JIT process is covered in the nvcc documentation:
[url]http://docs.nvidia.com/cuda/cuda-compiler-driver-nvcc/index.html#just-in-time-compilation[/url]
I acknowledge that that does not provide a detailed answer to “By what mechanism does the driver compile the PTX into SASS then?”
The best I can offer is that there is a tool/codepath in the driver that detects at runtime that a particular GPU binary contains PTX but not SASS, and follows a codepath similar to what is contained in the ptxas tool to generate suitable SASS on the fly.
If you require a more detailed description, I don’t have it and don’t know where to find it.
A few other comments not directly related to your question:
JIT compilation involves conversion of PTX into SASS, and it is always handled by the GPU driver.
Based on that statement, then, we can assume that different drivers may produce different SASS, for otherwise identical inputs, in a JIT-compilation scenario.
When we compare JIT-produced SASS vs.

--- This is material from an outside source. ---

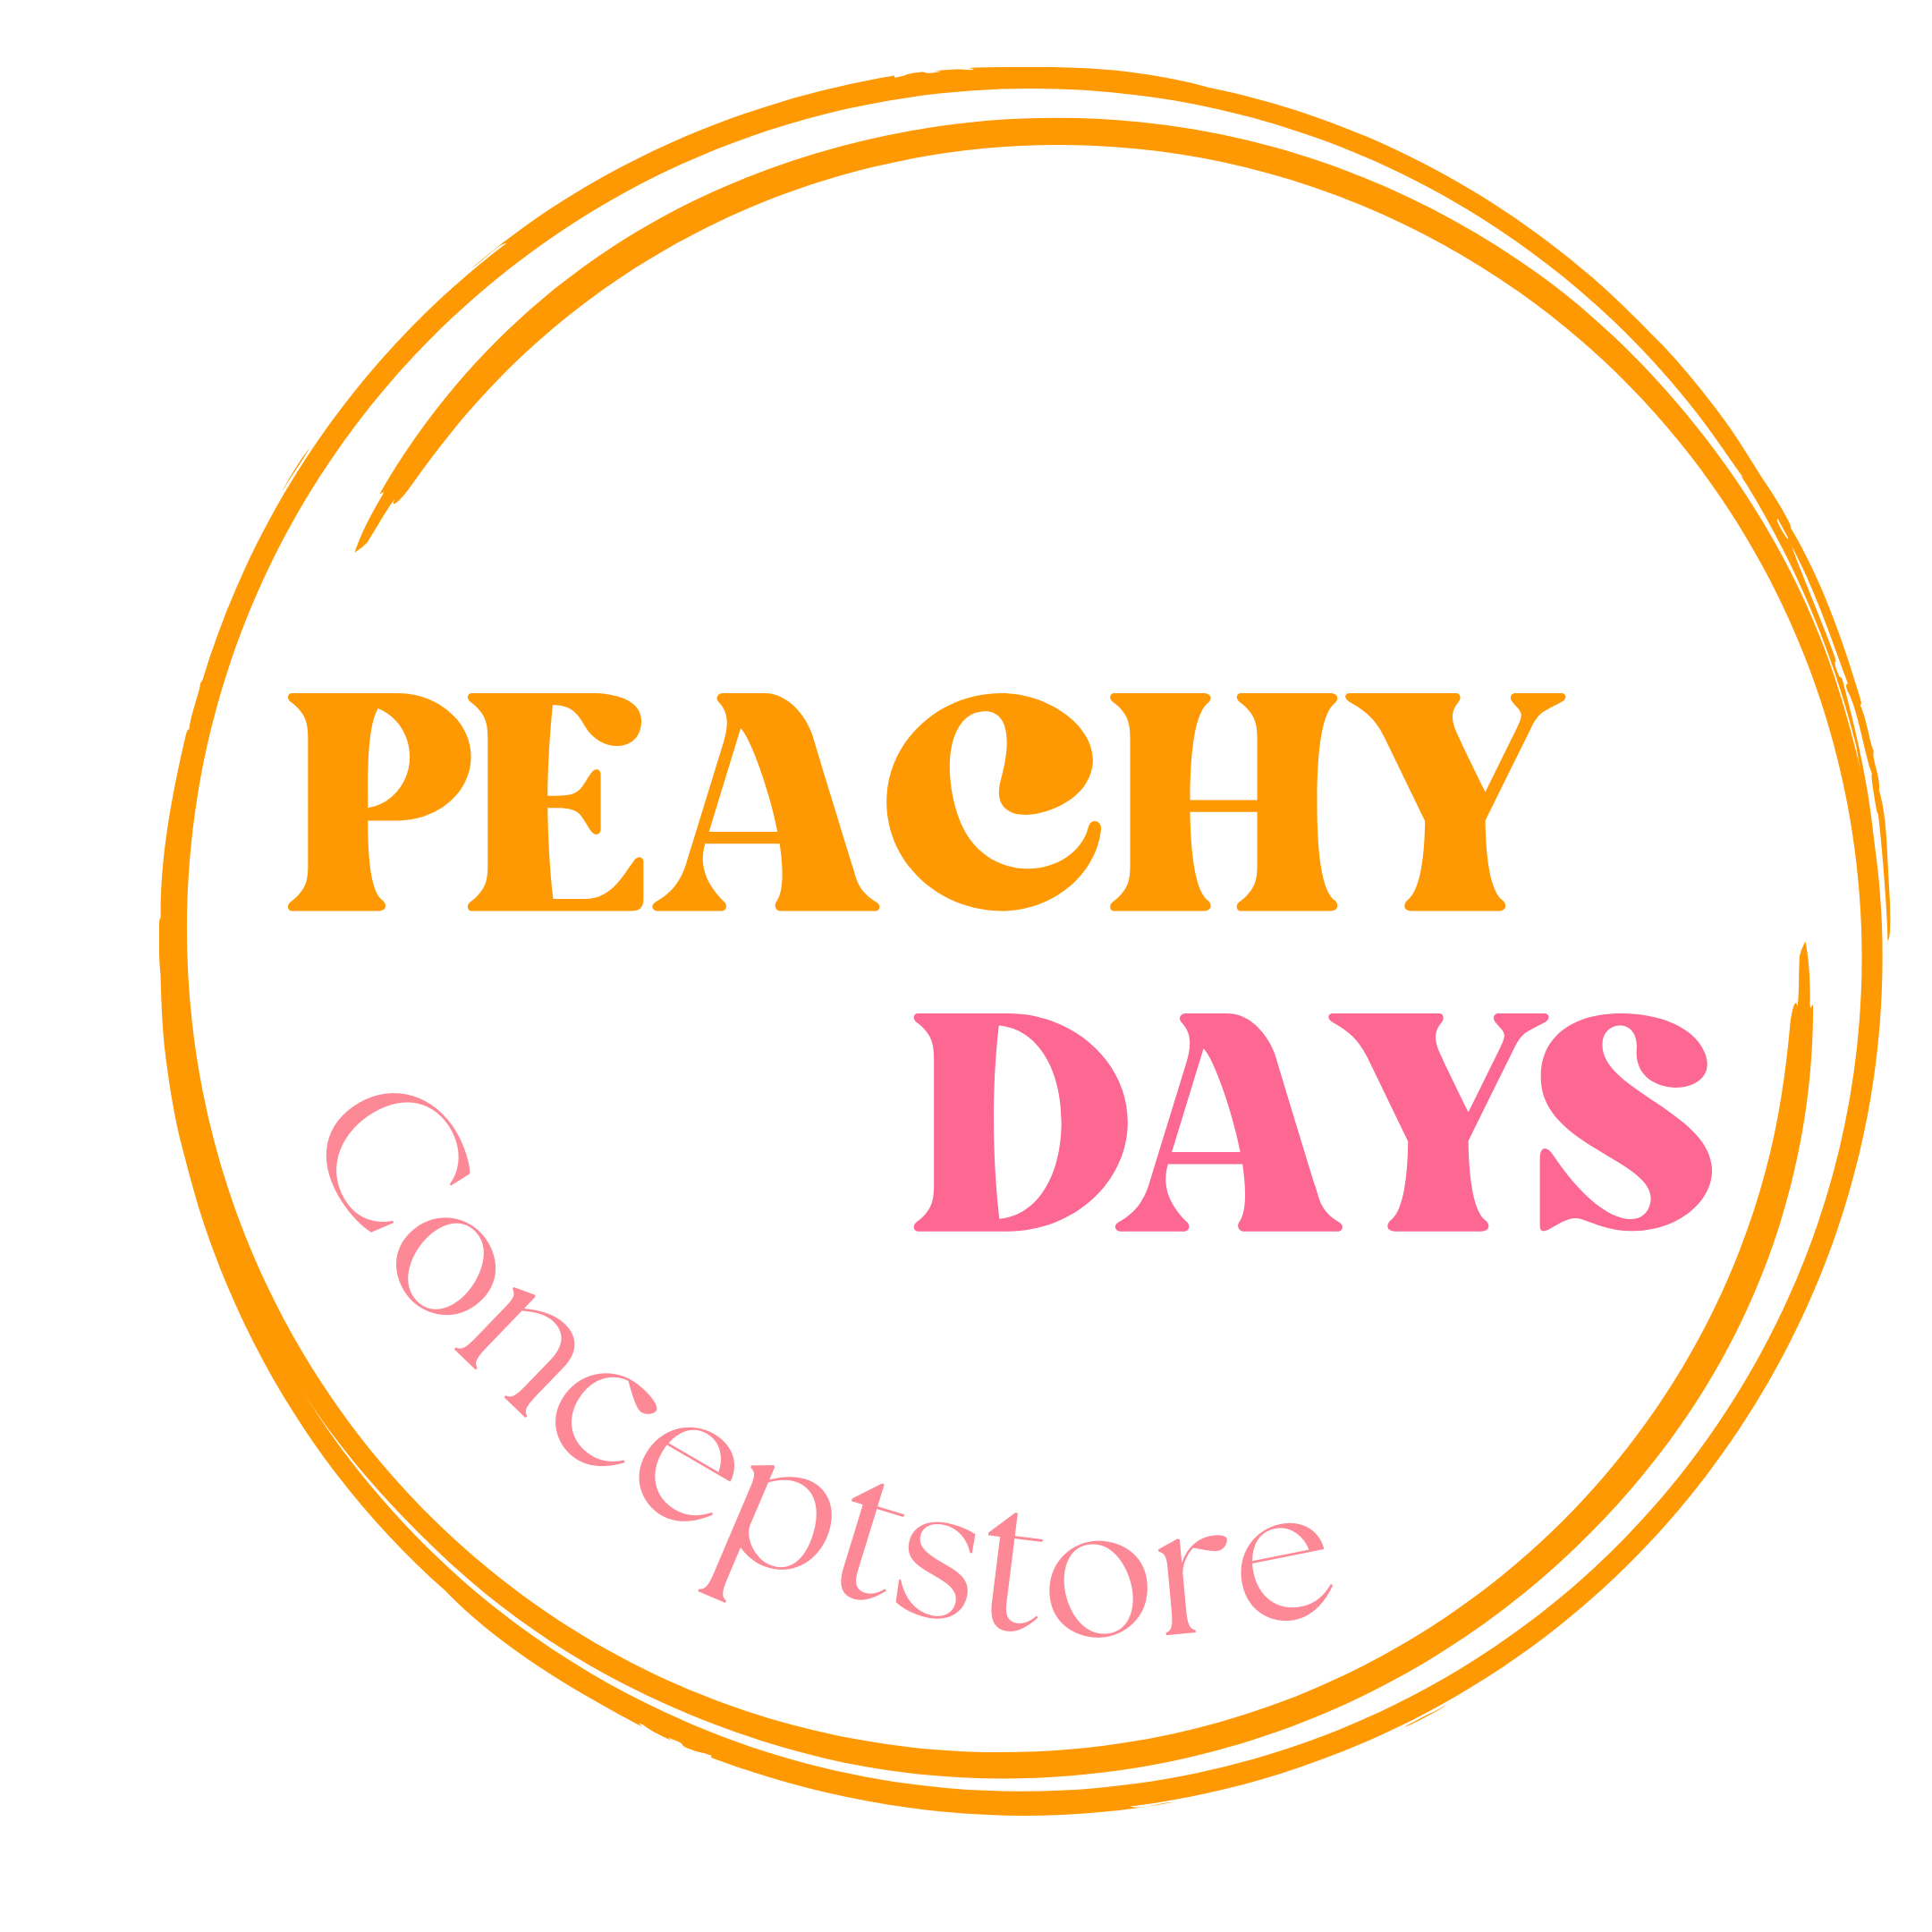 Peachy Days
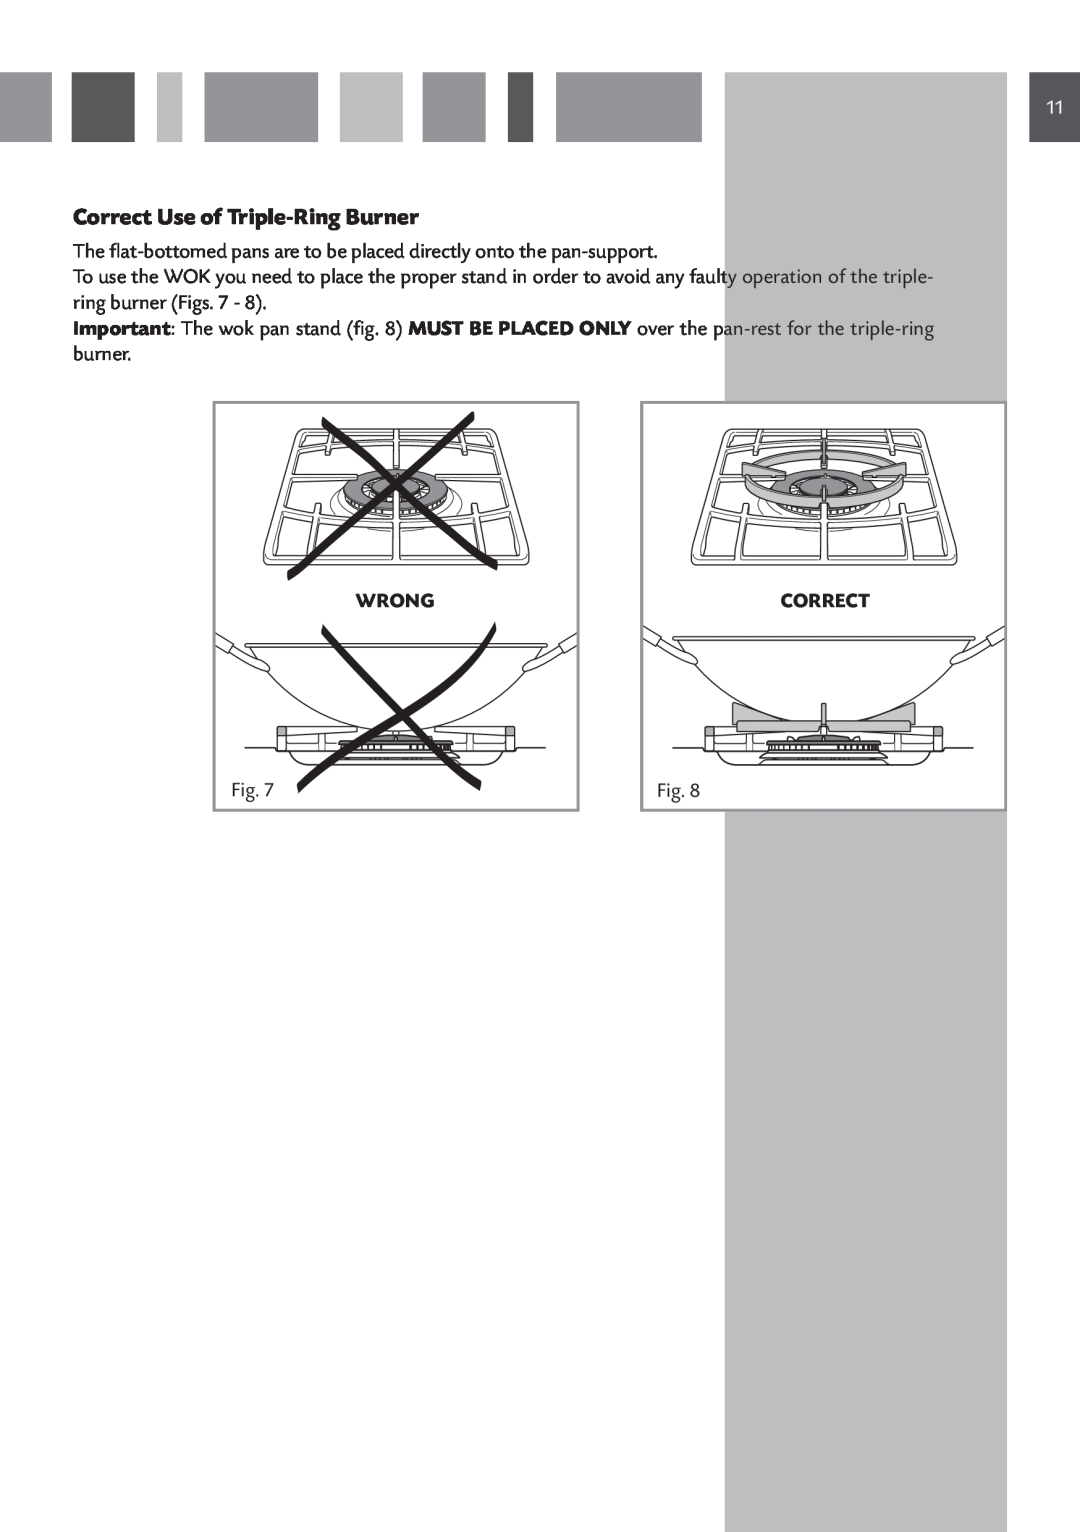 CDA RV 1001, RV 901 manual Correct Use of Triple-Ring Burner, Wrong

SASS produced by nvcc (as a result of specification of the target architecture for code generation), the SASS produced by nvcc uses a separate tool called ptxas (you can find ptxas on your machine - it is a separate compiler/assembler in /usr/local/cuda/bin on an ordinary linux install), whereas the SASS produced by JIT compilation is generated by the driver itself (i.e. not by ptxas - ptxas is installed by the CUDA toolkit installer, and it is not necessary to be present on a machine to support JIT compilation - only the driver is required).
Therefore, since the generating code is the driver in one case (via a codepath like ptxas embedded in the driver), and explicitly by the installed ptxas tool in the other case, we can assume that the generated SASS may be different, and, again, there are no stated claims in the CUDA documentation otherwise.